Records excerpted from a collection
┄┄┄┄┄┄┄┄┄┄┄┄┄┄┄┄┄┄┄┄
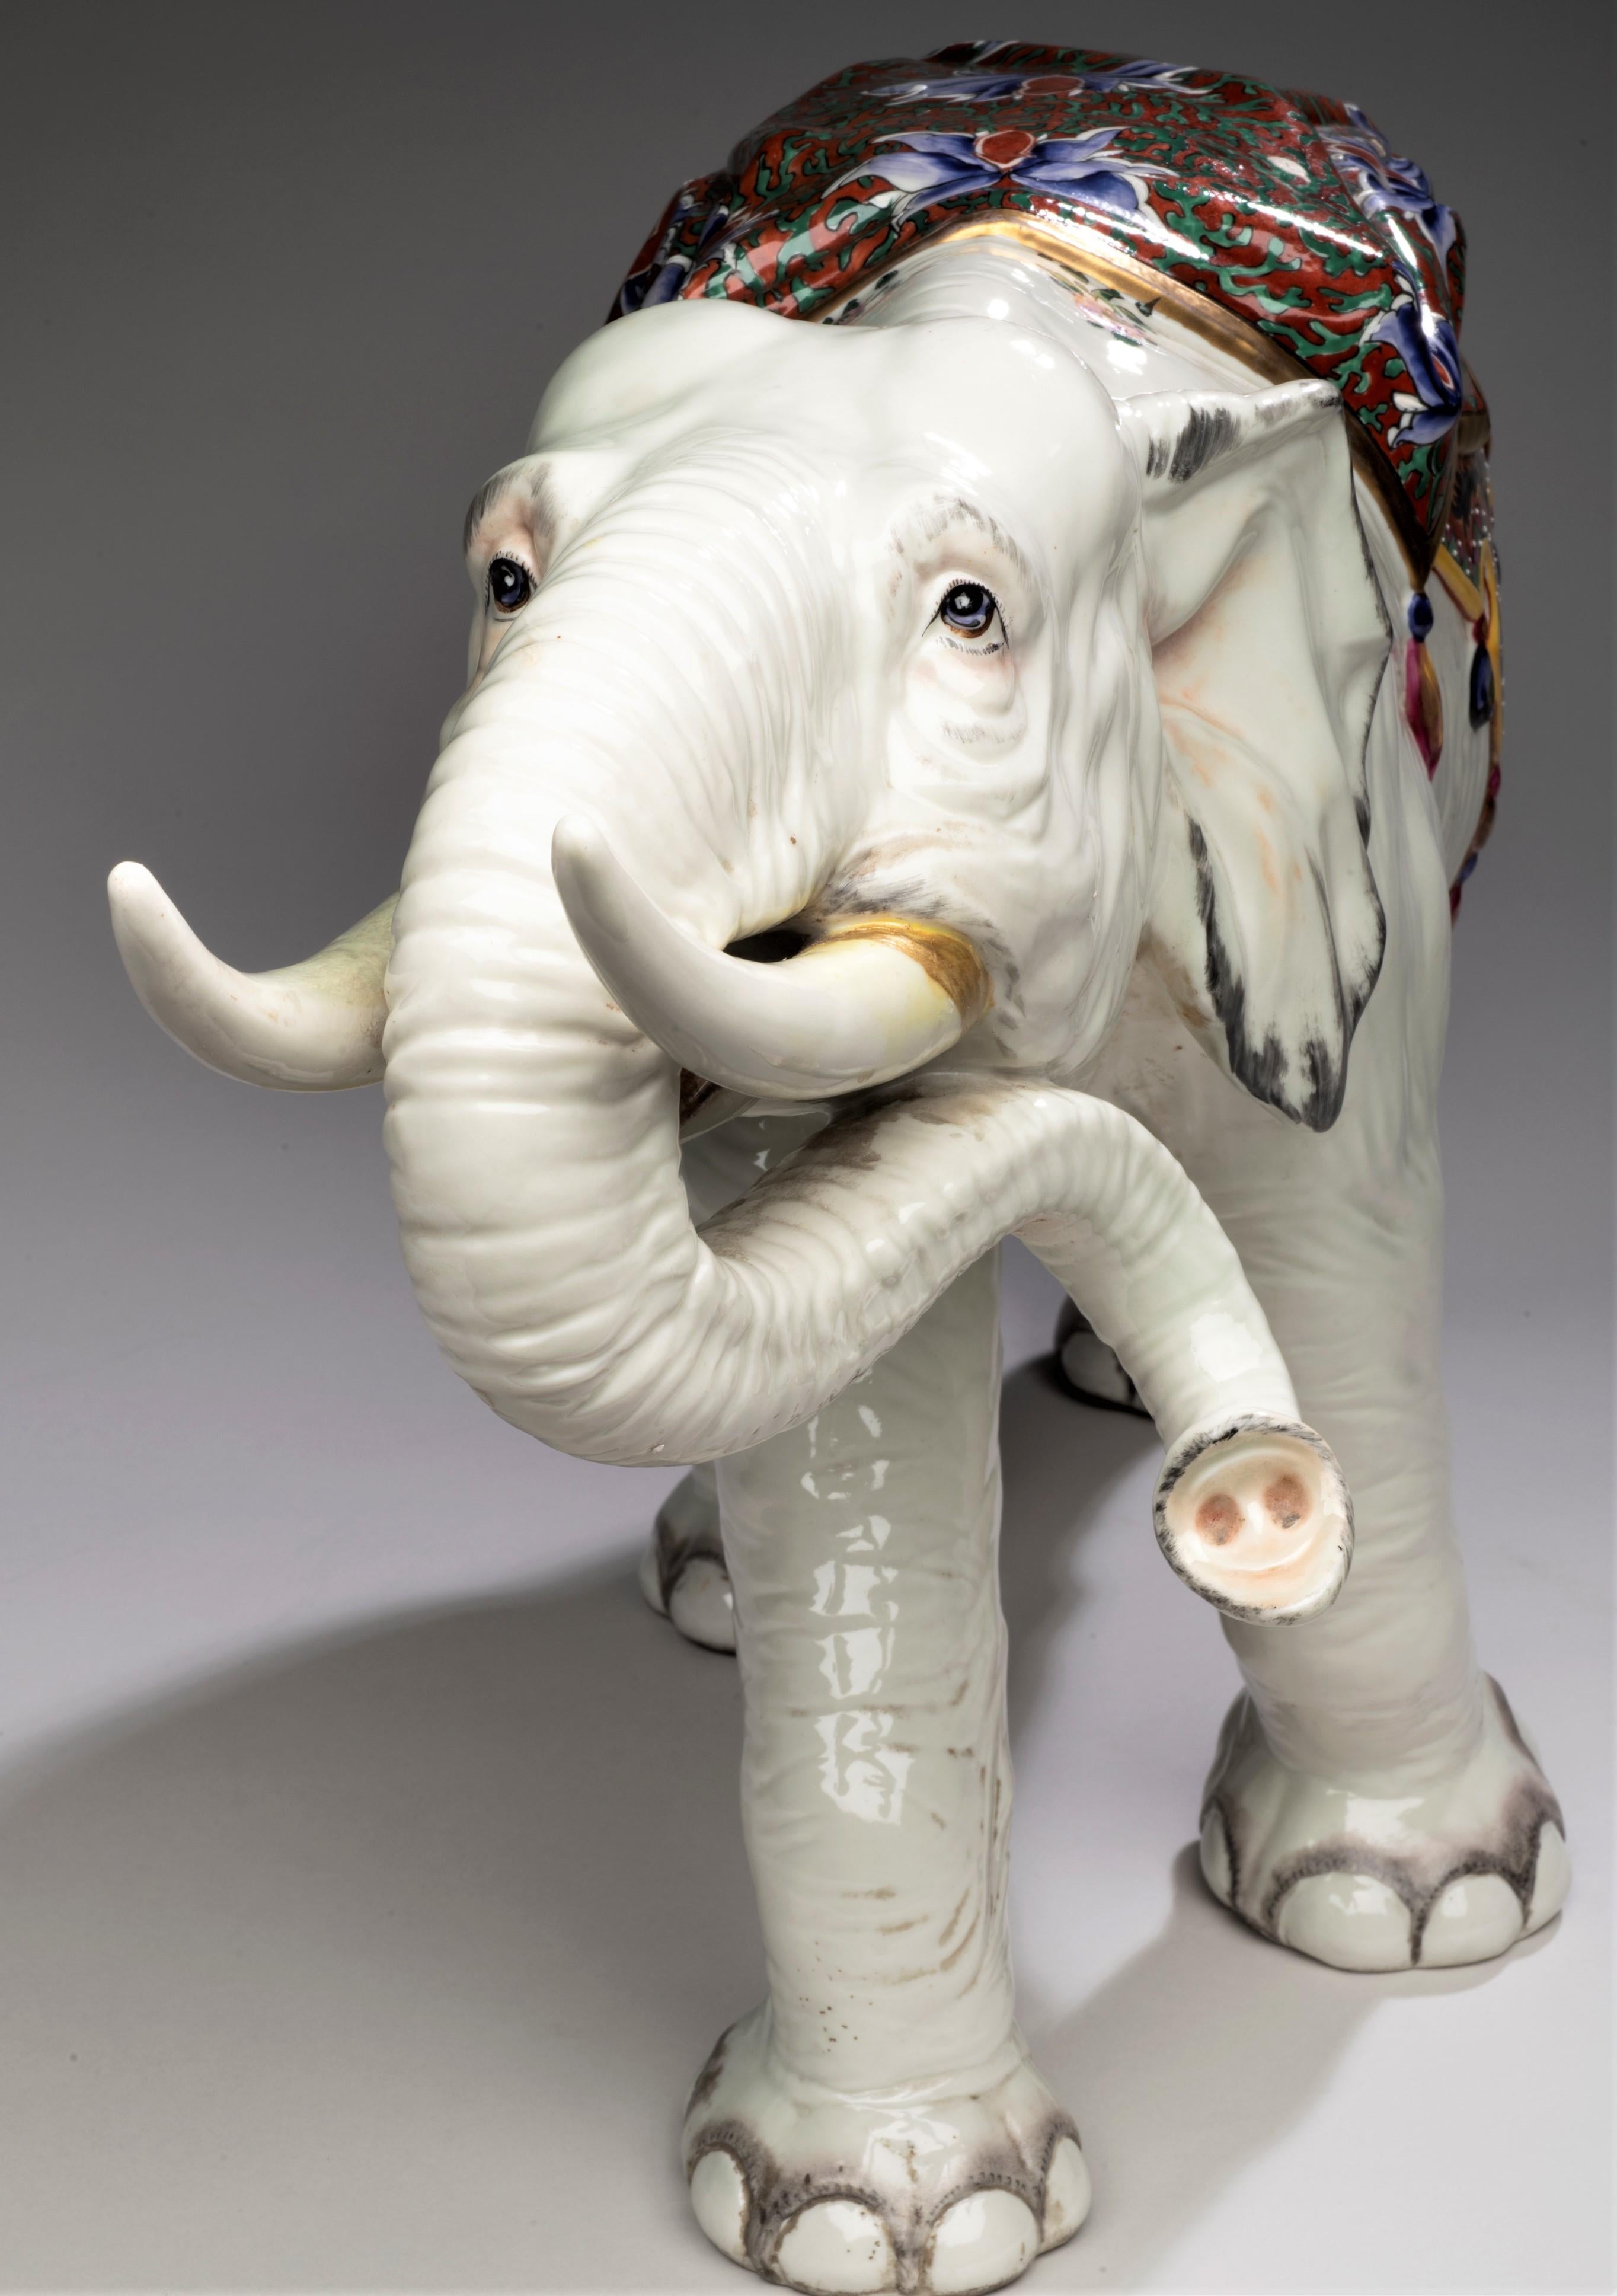 Very Large Porcelain Elephant
France, circa 1900
Porcelain, enamels
28 x 14 1/2 x 9 inches

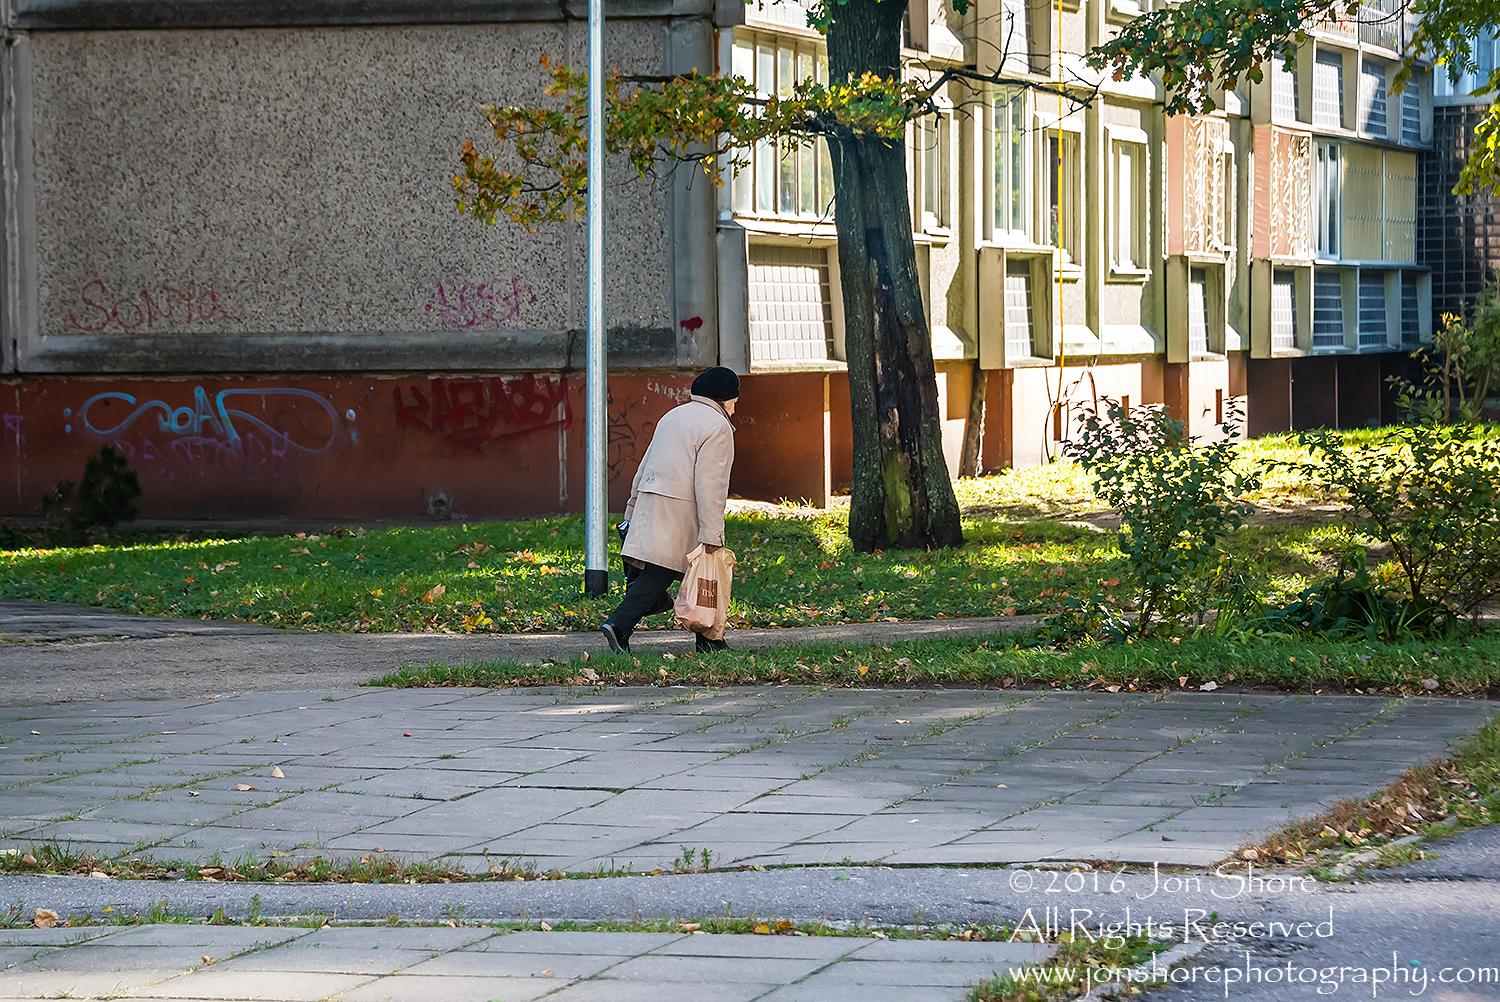 Old woman walking with bag. Zolitude, Latvia. Nikkor 200mm
┄┄┄┄┄┄┄┄┄┄┄┄┄┄┄┄┄┄┄┄
WORK REQUIRED →
From the first line to the last, repeat the records exactly and skip the pictures.

TASK ANSWER →
 Very Large Porcelain Elephant
France, circa 1900
Porcelain, enamels
28 x 14 1/2 x 9 inches

 Old woman walking with bag. Zolitude, Latvia. Nikkor 200mm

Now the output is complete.